Mandating IDP usage by disabling the ticket system is the 'golden cage' anti-pattern — it reduces developer autonomy and creates resentment. The right answer is always to make the platform more compelling, not more coercive.
Last-Minute Facts
Measuring your Platform
Must-Know Facts
- Four DORA metrics by name and definition: (1) Deployment Frequency — how often code is deployed to production. (2) Lead Time for Changes — time from code commit to running in production. (3) Change Failure Rate — percentage of deployments that cause an incident requiring rollback or hotfix. (4) MTTR (Mean Time to Restore) — average time to restore service after a production incident.

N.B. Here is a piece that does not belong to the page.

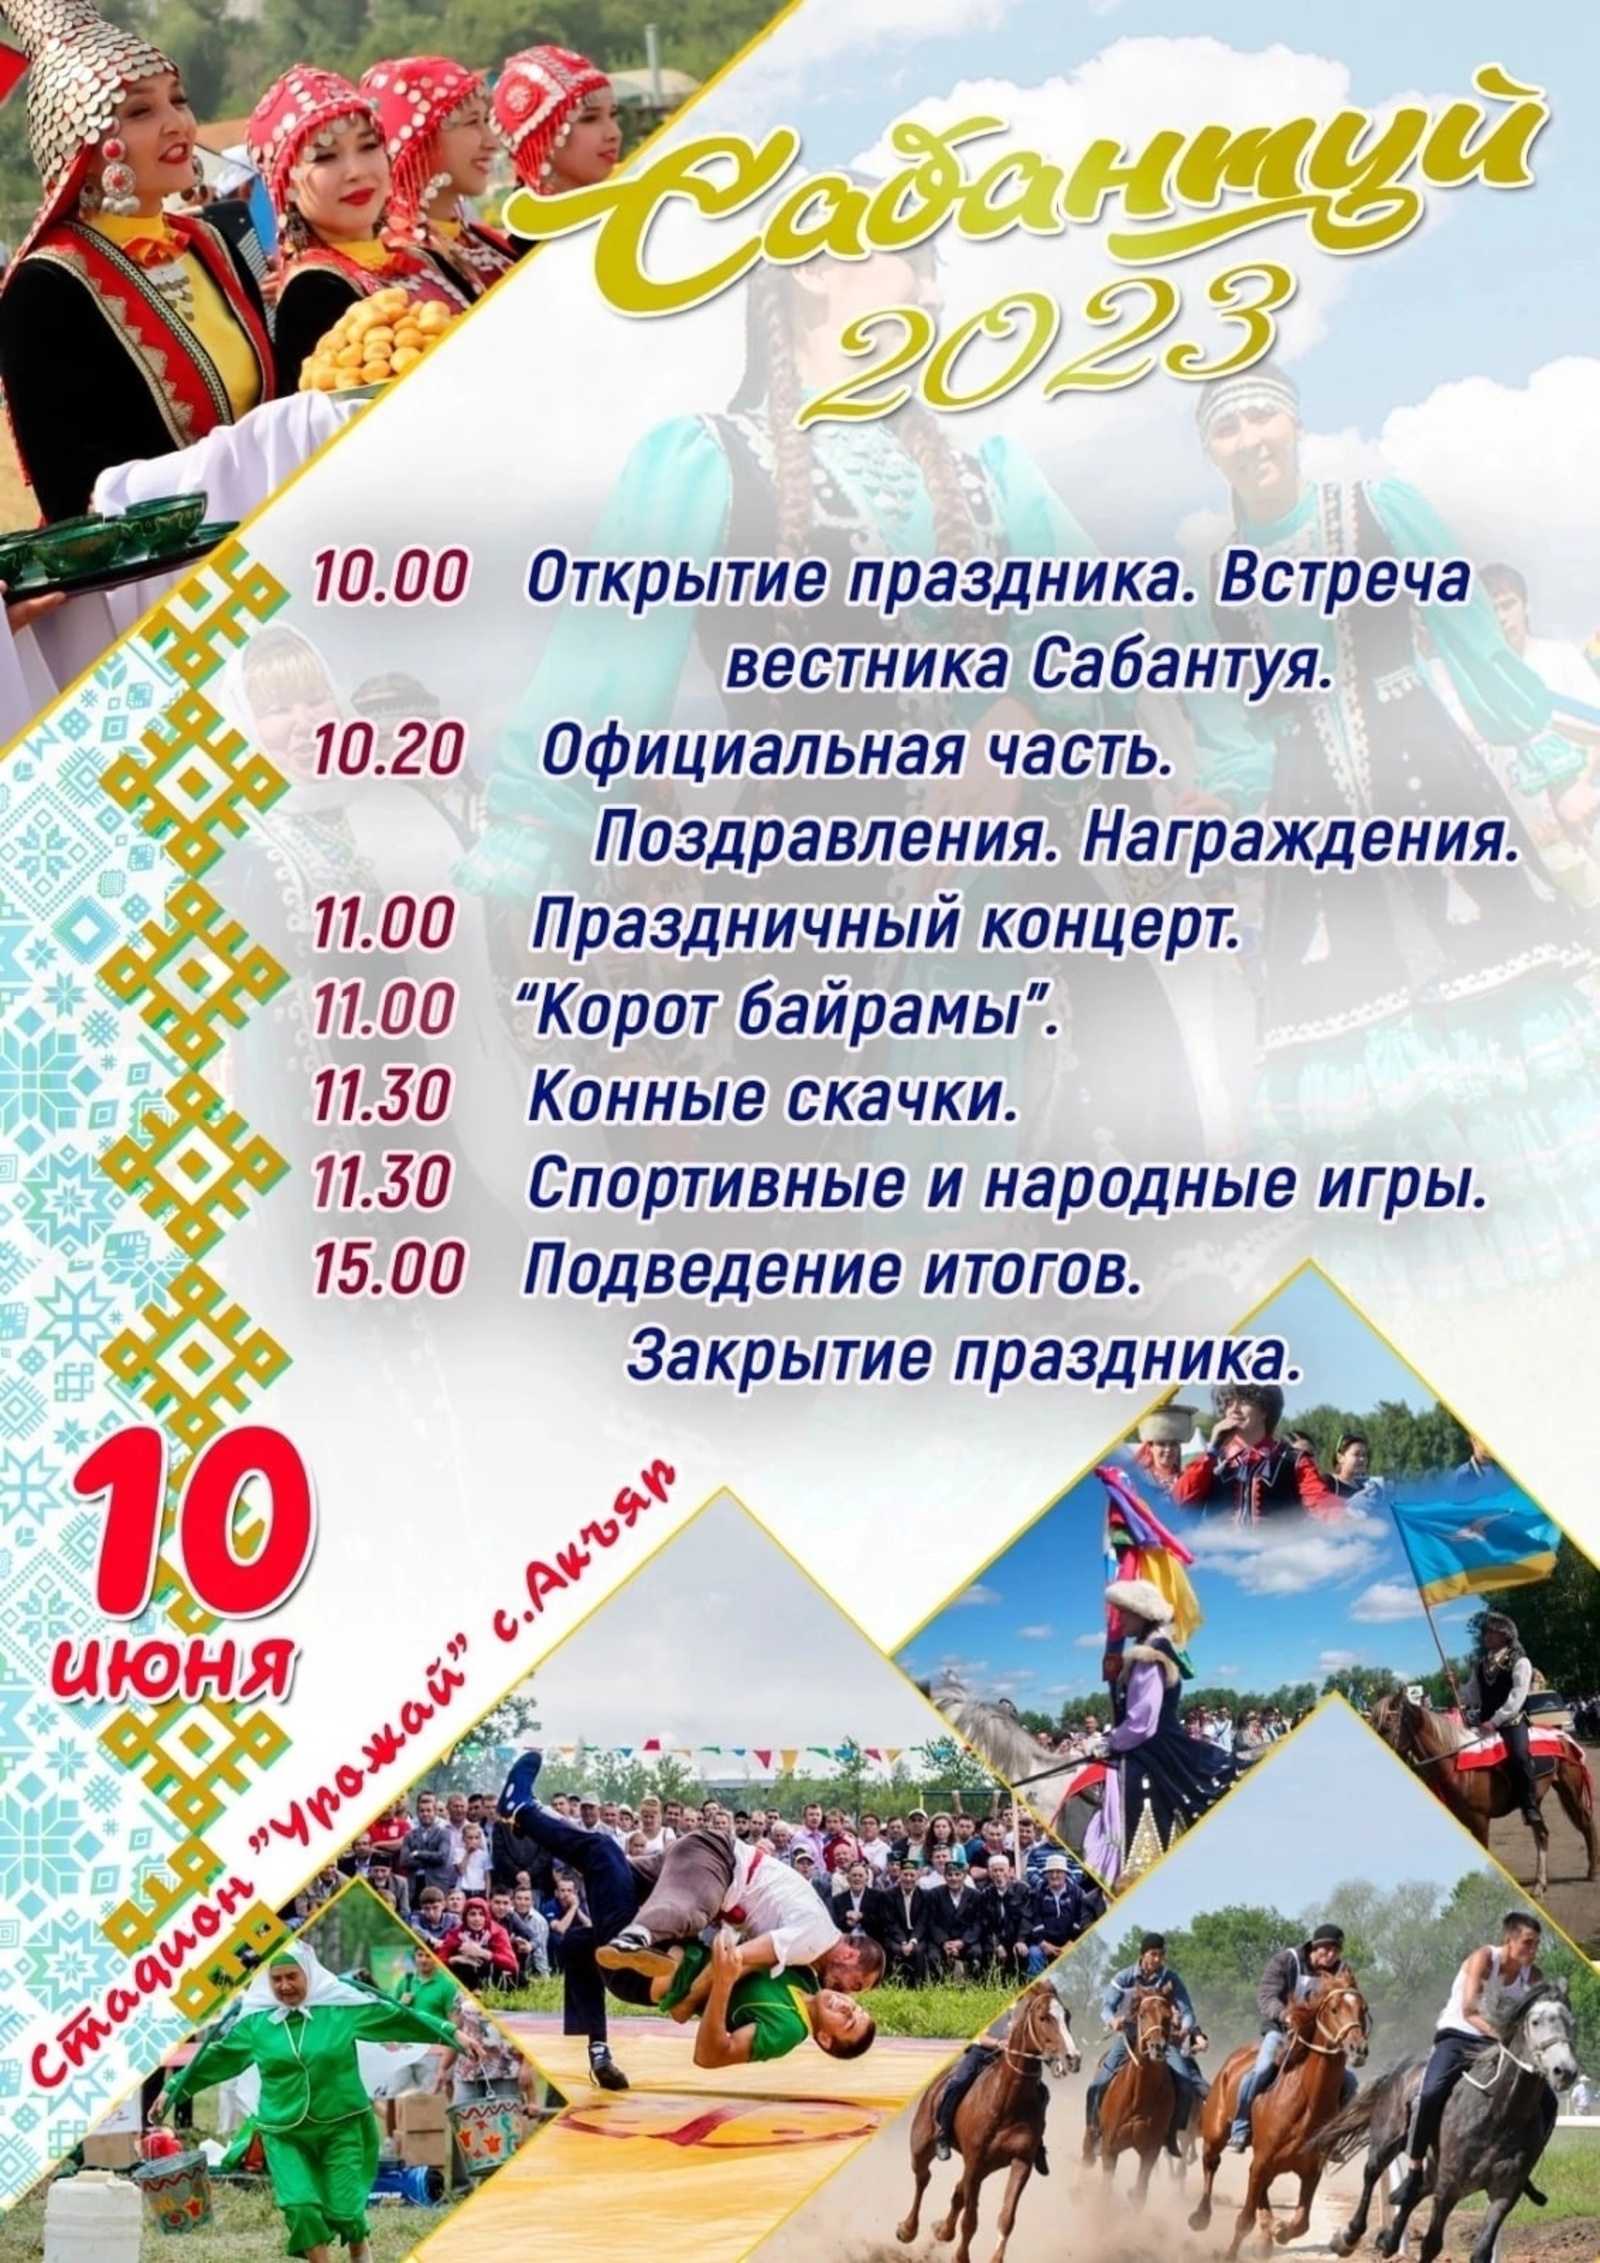 Традиционный "Сабантуй - 2023" состоится 10 июня на стадионе “Урожай” села Акъяр

- DORA elite performer thresholds: Deployment Frequency = multiple deploys per day. Lead Time for Changes = under 1 hour. Change Failure Rate = under 5%. MTTR = under 1 hour.
- DORA metrics measure holistically — high speed with high failure rate is NOT elite. Elite performers are fast AND stable simultaneously. The four metrics must improve together.
- MTTR is Mean Time to RESTORE (recovering service, not fixing root cause). Sometimes called Mean Time to Recovery. The exam uses 'restore' — service back to normal, not the underlying bug being fixed.
- Platform adoption metrics measure IDP effectiveness: self-service request volume vs manual ticket volume over time, golden path adoption rate, developer portal active users. Measuring adoption is as important as technical metrics — a platform nobody uses provides no value.
- Error budget burn rate is the rate at which the error budget is being consumed relative to the monthly allocation. A high burn rate signals an active incident. When the error budget is exhausted, stop feature work and focus on reliability.
Common Traps
Confusing Pairs
Scenario Tips
A team deploys 15 times per day but 30% of deployments cause incidents. How should this be characterized using DORA?
High deployment frequency but low stability — NOT an elite performer. Change failure rate of 30% far exceeds the elite threshold of under 5%. The recommendation is to improve deployment quality (better testing, canary deployments, quality gates), not to reduce deployment frequency.
Choosing 'elite because of high frequency' ignores that DORA requires all four metrics to be strong simultaneously. Reducing frequency is also a wrong answer — fix quality, not speed.
A platform team wants to measure whether their IDP is reducing manual work for developers. Which metric is most appropriate?
Self-service request volume versus manual ticket volume over time. As the IDP matures, self-service requests increase and ticket volume decreases. This directly measures the IDP's core value proposition.
DORA metrics (deployment frequency, change failure rate, etc.) measure delivery performance, not IDP self-service effectiveness. The question is asking about platform adoption, not delivery velocity.
SLO is 99.9% and actual availability was 99.95% this quarter. The team wants to ship a risky large feature. How should error budget inform this?
They have remaining error budget (0.05% unused of the 0.1% total). They can afford some risk but should use canary deployment and close monitoring to minimize the chance of budget exhaustion.
Saying 'no error budget because SLO was met' reverses the logic. Achieving ABOVE the SLO means you have budget remaining. Waiting for a quarterly reset wastes available innovation capacity.